MATERIAL FOR THE TASK:
┄┄┄┄┄┄┄┄┄┄┄┄┄┄┄┄┄┄┄┄

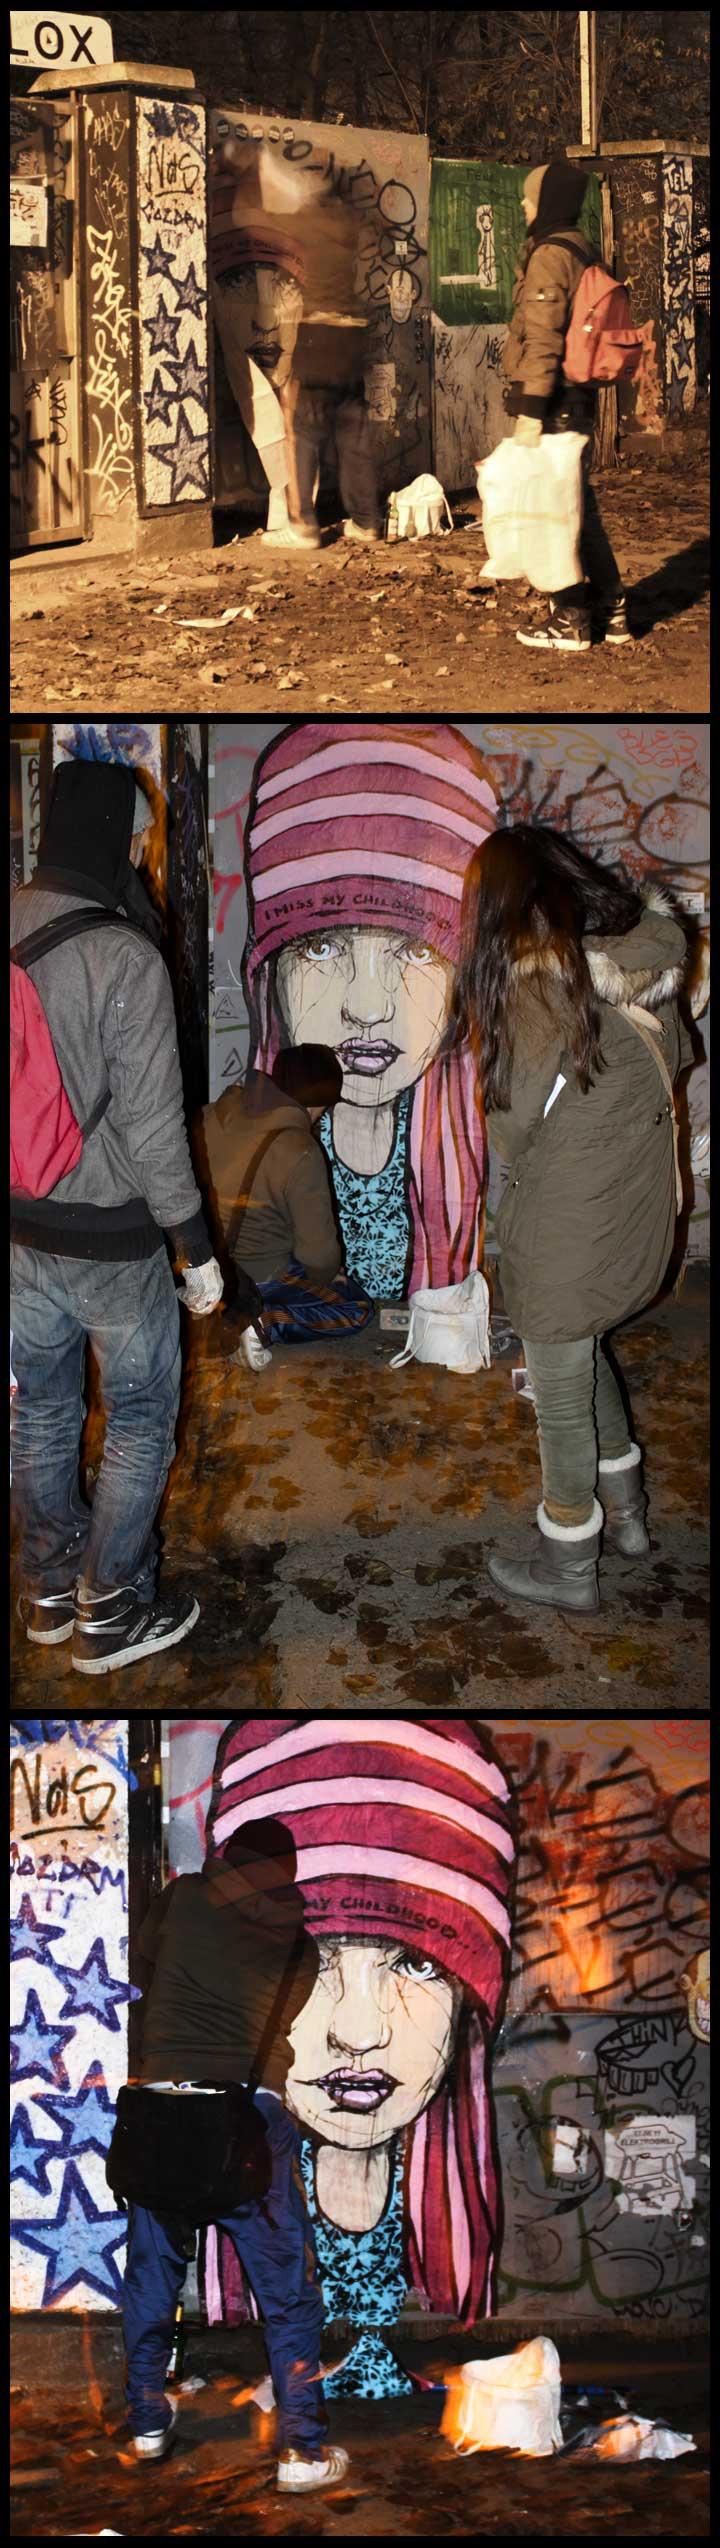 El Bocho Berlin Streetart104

┄┄┄┄┄┄┄┄┄┄┄┄┄┄┄┄┄┄┄┄

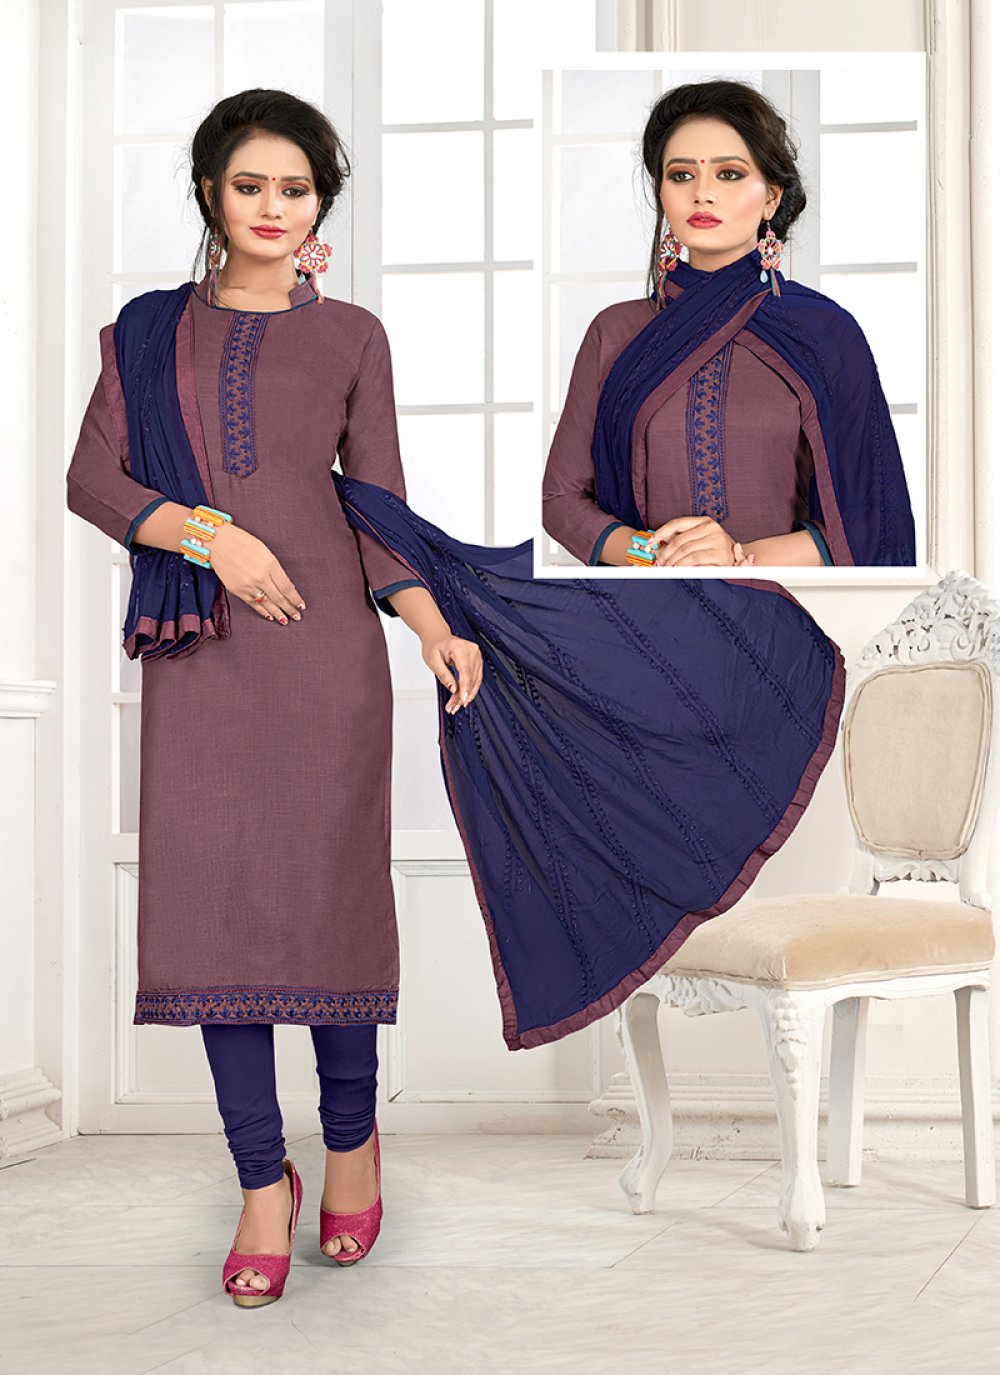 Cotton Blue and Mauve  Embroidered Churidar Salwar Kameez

┄┄┄┄┄┄┄┄┄┄┄┄┄┄┄┄┄┄┄┄

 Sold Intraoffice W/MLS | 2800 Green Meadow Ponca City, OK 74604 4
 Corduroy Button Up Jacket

┄┄┄┄┄┄┄┄┄┄┄┄┄┄┄┄┄┄┄┄

TASK BRIEF:
In the listing above, find the line with "Sold Intraoffice W/MLS" and the line with "Corduroy Button Up Jacket", then print exactly those lines and every line between them.

RESPONSE AREA:
 Sold Intraoffice W/MLS | 2800 Green Meadow Ponca City, OK 74604 4
 Corduroy Button Up Jacket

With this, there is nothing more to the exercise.